◆ **EXERCISE DESCRIPTION**:
What is needed is the exact text of each line in the listing below from the one with "pumpkin activities growing" up to and including the one with "The Focke Wulf 190", and no pictures.

◆ **SUPPLIED MATERIAL**:
# # # # # # #

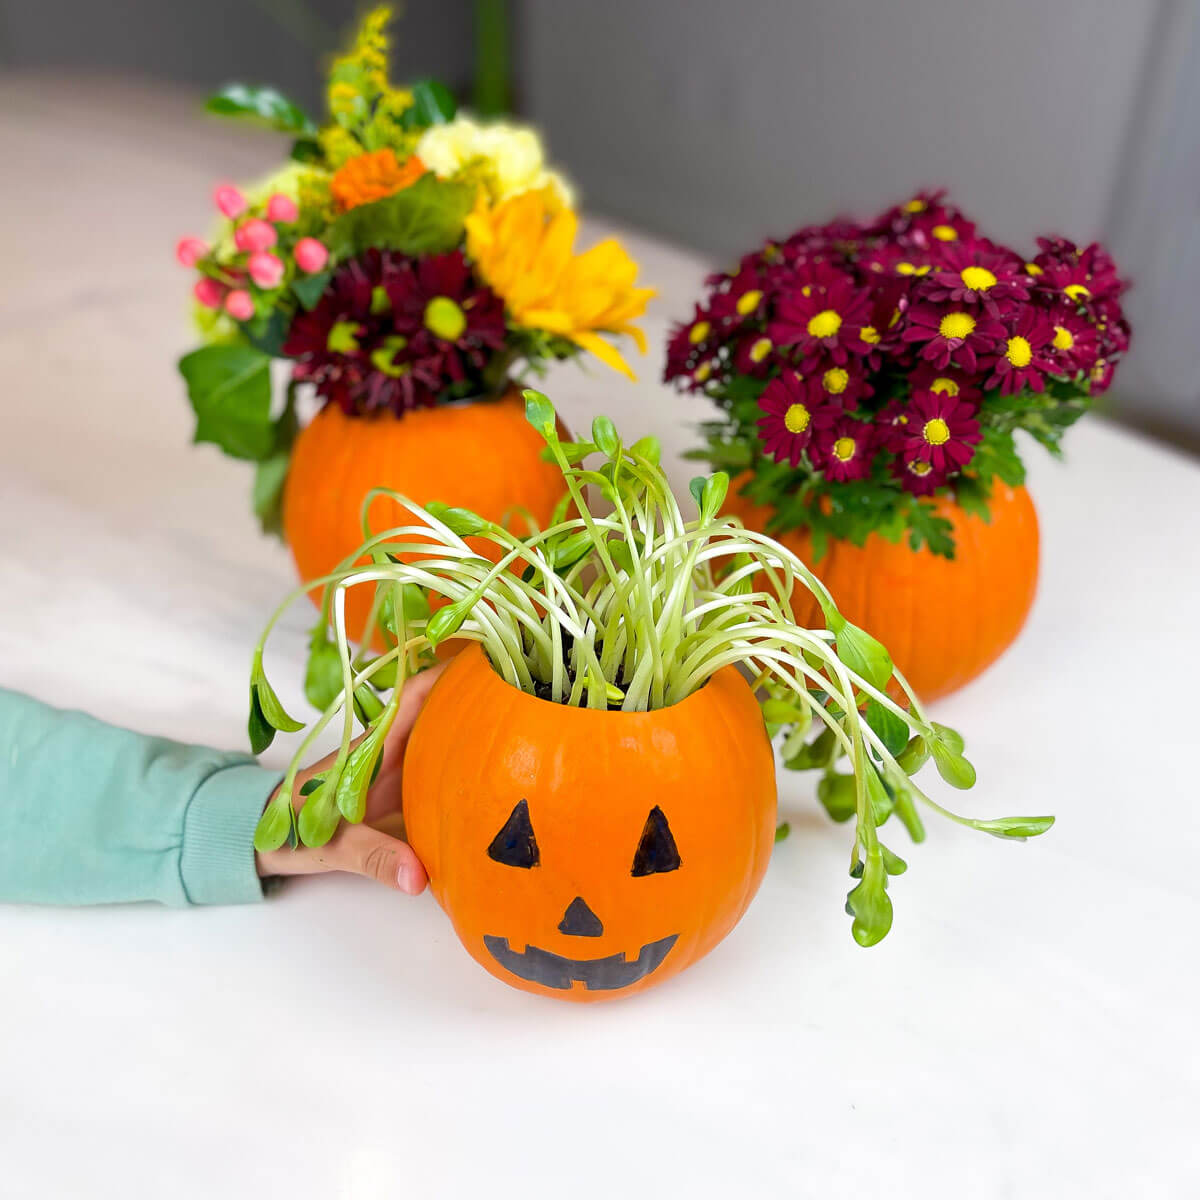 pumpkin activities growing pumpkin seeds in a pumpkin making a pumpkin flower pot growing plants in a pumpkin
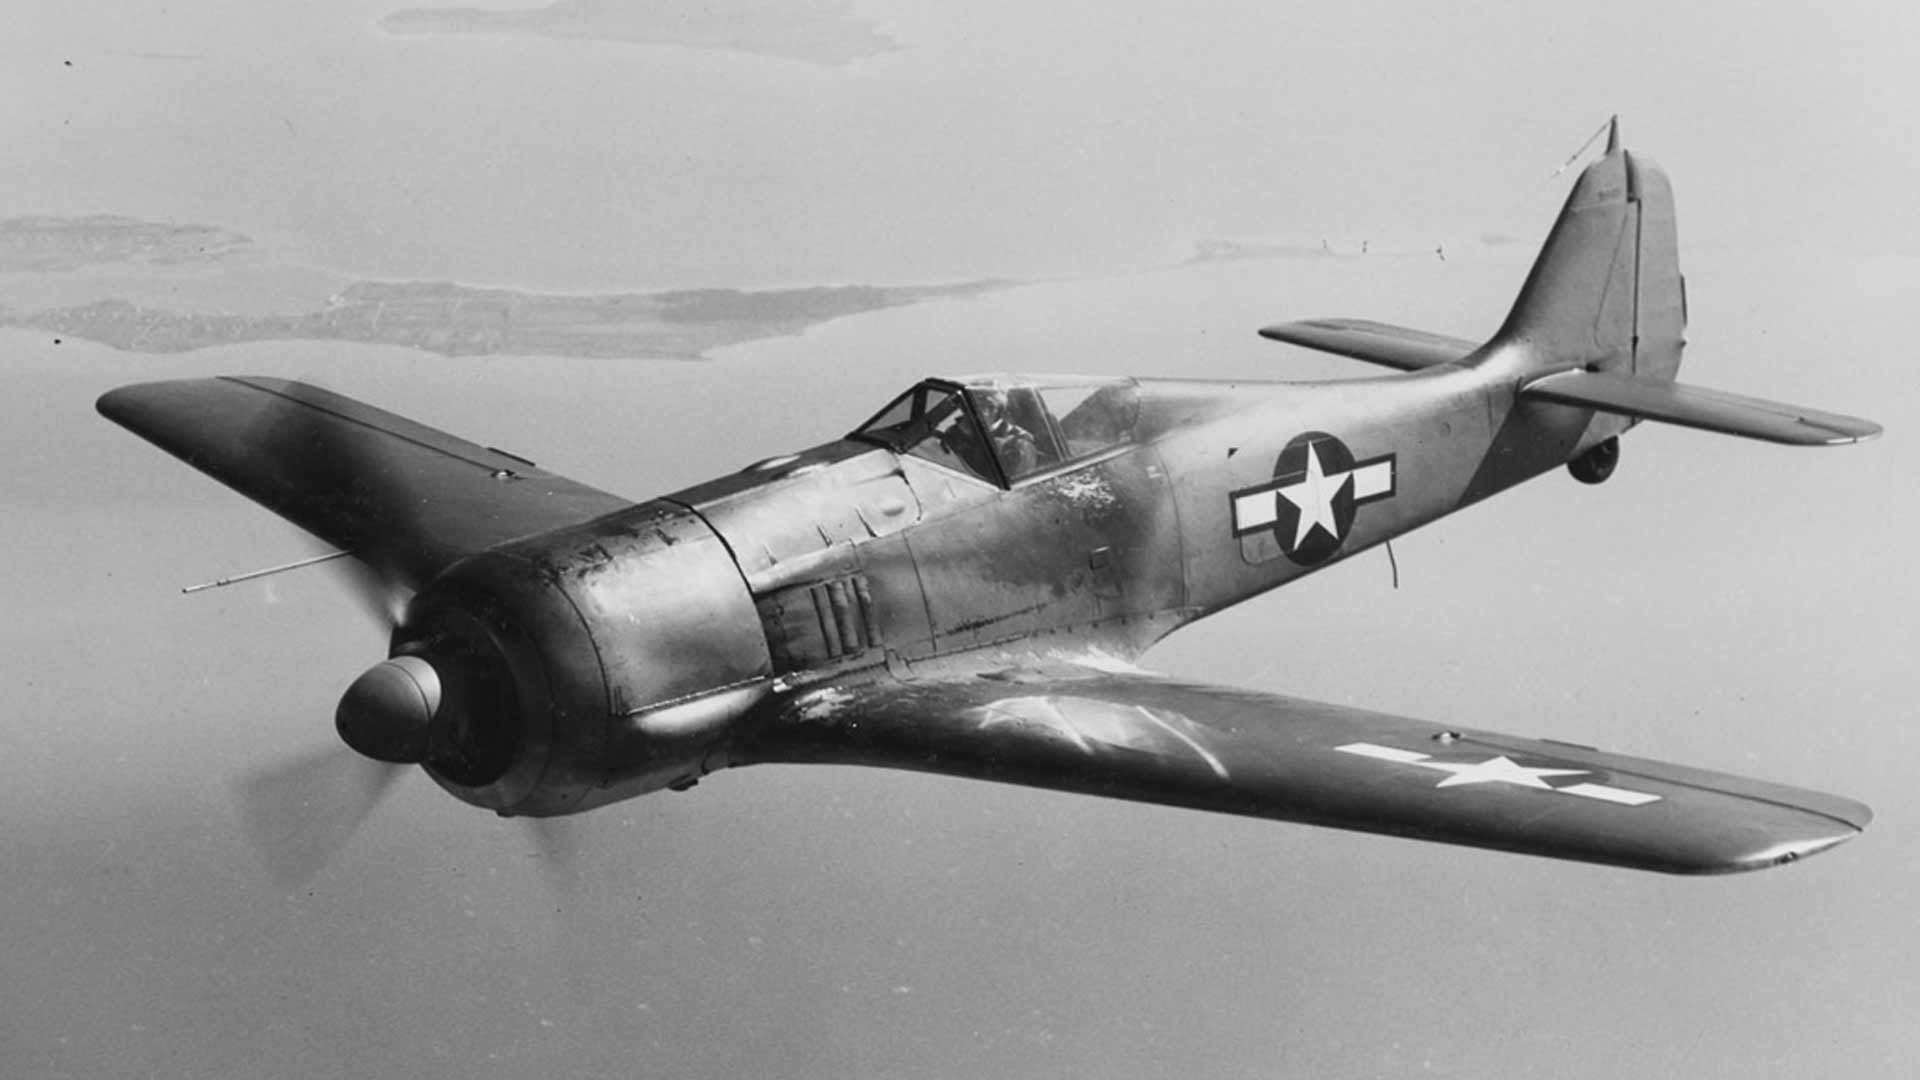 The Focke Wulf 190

# # # # # # #

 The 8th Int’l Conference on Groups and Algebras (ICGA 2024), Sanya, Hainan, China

# # # # # # #

◆ **OUTPUT OF THE TASK**:
 pumpkin activities growing pumpkin seeds in a pumpkin making a pumpkin flower pot growing plants in a pumpkin
 The Focke Wulf 190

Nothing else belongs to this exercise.